Karena barang2 digeser2 dan ditata ulang, jadi ada beberapa bagian dinding yang kosong. Kok kayaknya cakep nih kalo diisi artwork, lukisan atau hiasan apa gitu. Karena dalam diri saya tidak mengalir darah seni (adanya cuma air seni), jadi nggak mungkinlah dipaksain ngelukis sendiri. Si sulung jago gambar sih, tapi karena saya butuhnya gambar ukuran besar jadi belum ada yang bisa dipakai.

Saya sempet cari-cari di pinterest inspirasi artwork yang menarik, sayangnya referensi yang diberikan kebanyakan dari situs luar negeri. Kepingin beli, tapi ongkos kirimnya mihilll. Belum tentu aman juga sampai sini. Sempet mikir juga apa contek aja ya, eh tapi itu kan pembajakan, hahaha. Untunggg saya dikenalkan dengan website Spasium oleh foundernya, Jay. Kami sempat ngobrol santai di cafe dan saya jadi tau lebih banyak tentang Spasium.

Apa itu Spasium?



Jadi, Spasium itu platform yang menyediakan affordable artworks dari seniman-seniman terpilih Indonesia.
Artworks tersedia dalam format ready to hang dengan limited copy. Maksudnya ready to hang itu sudah siap pasang, tinggal gantung aja di dinding. Kita cukup pilih artworknya mau berupa canvas ataupun frame sesuai selera. Semua karya yang dijual di Spasium ini adalah karya seniman Indonesia, jadi ada artisnya ya, BUKAN cuma beli image bebas di online terus diproduksi ulang gitu. Semua bahan, material dan konstruksi dipilih yang durable.

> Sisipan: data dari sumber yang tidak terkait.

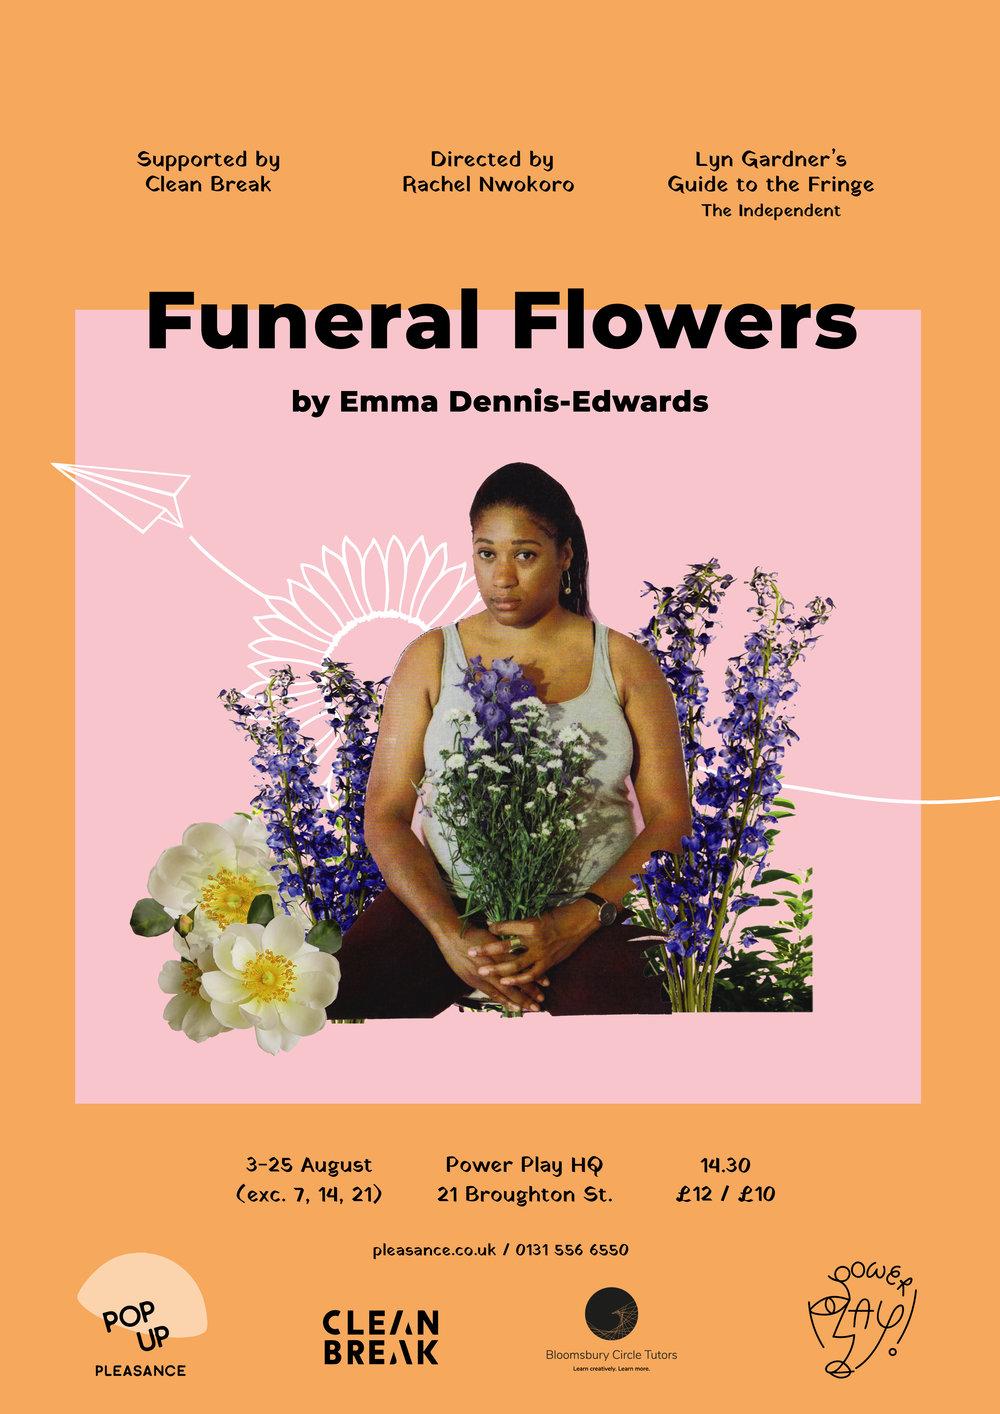 Power Play LW v007 Funeral Flowers.jpg
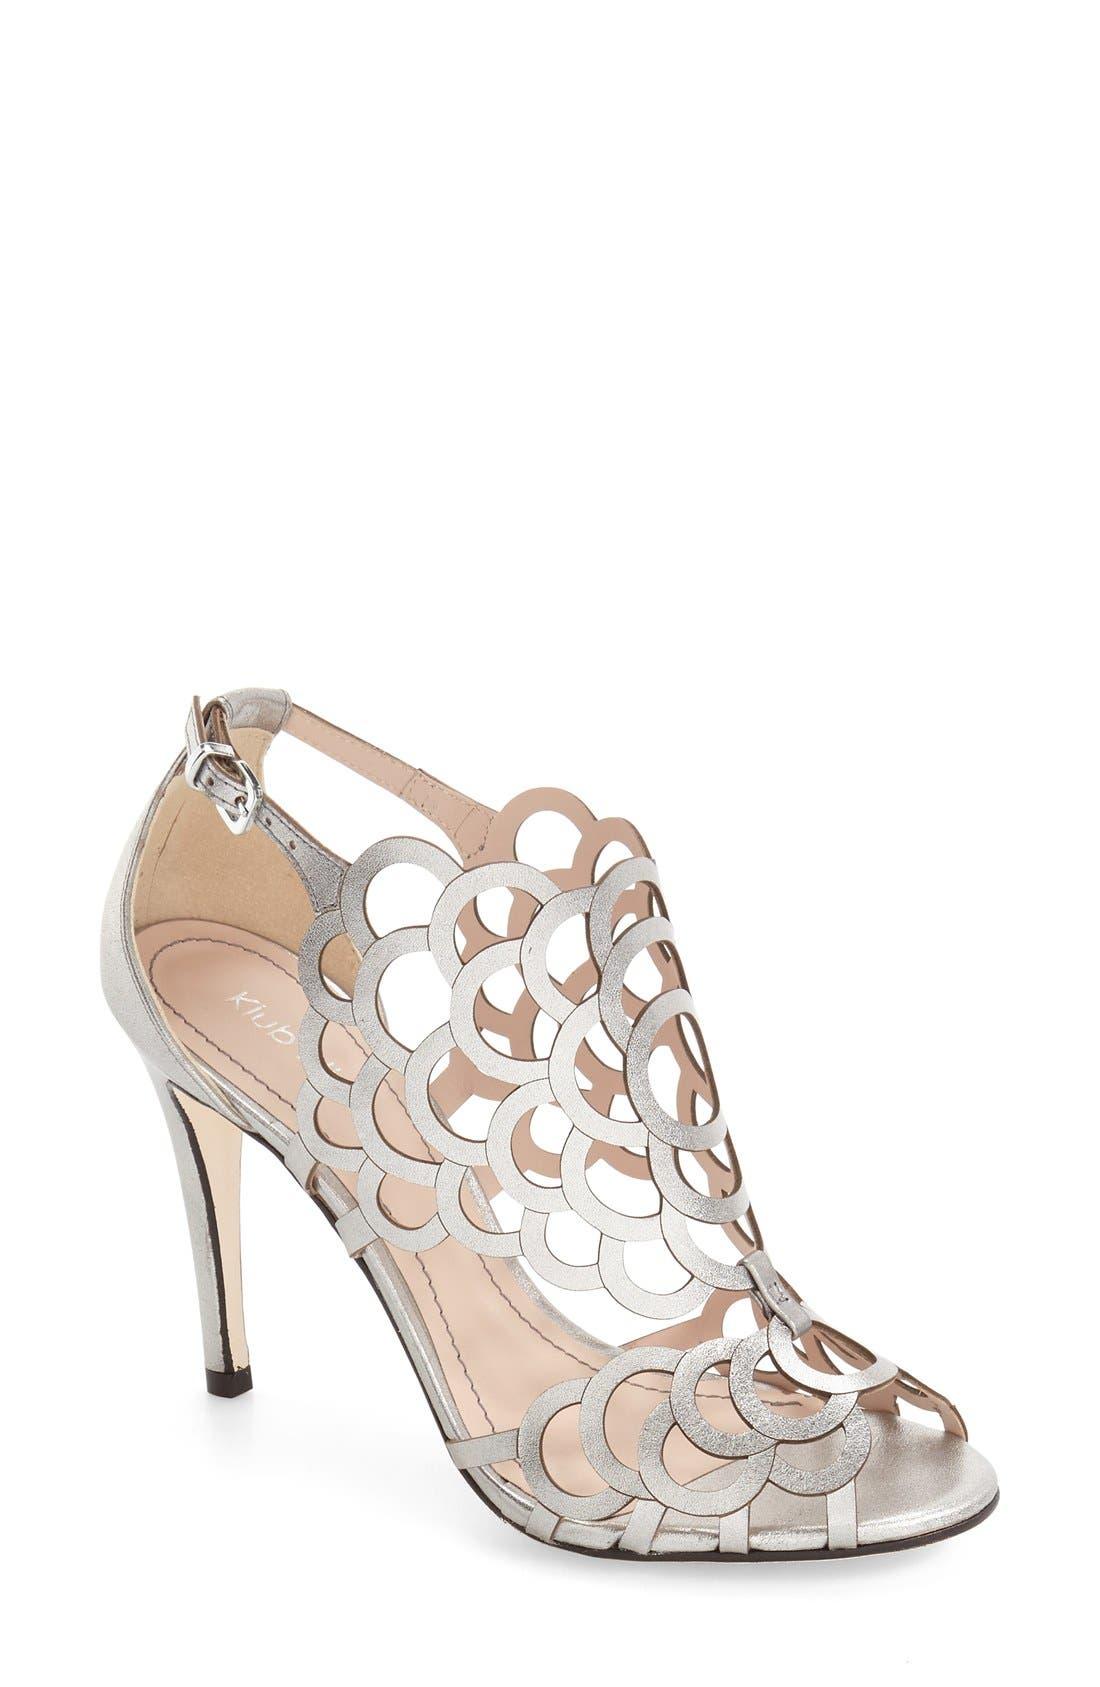 KLUB NICO 'Millie' Cutout Sandal

Buat saya yang termasuk early stage of art collector, Spasium ini memudahkan dan menghemat waktu banget. Nggak perlu repot2 datengin gallery seni satu persatu. Tinggal klak klik online, pilih2 barangnya, bayar, terus duduk manis di rumah tunggu barangnya datang aja :) Harganya juga lebih terjangkau, jauh lebih affordable dibanding gallery, tapi tetap terjaga eksklusifitasnya karena limited copy, BUKAN mass product seperti yang ada di toko-toko.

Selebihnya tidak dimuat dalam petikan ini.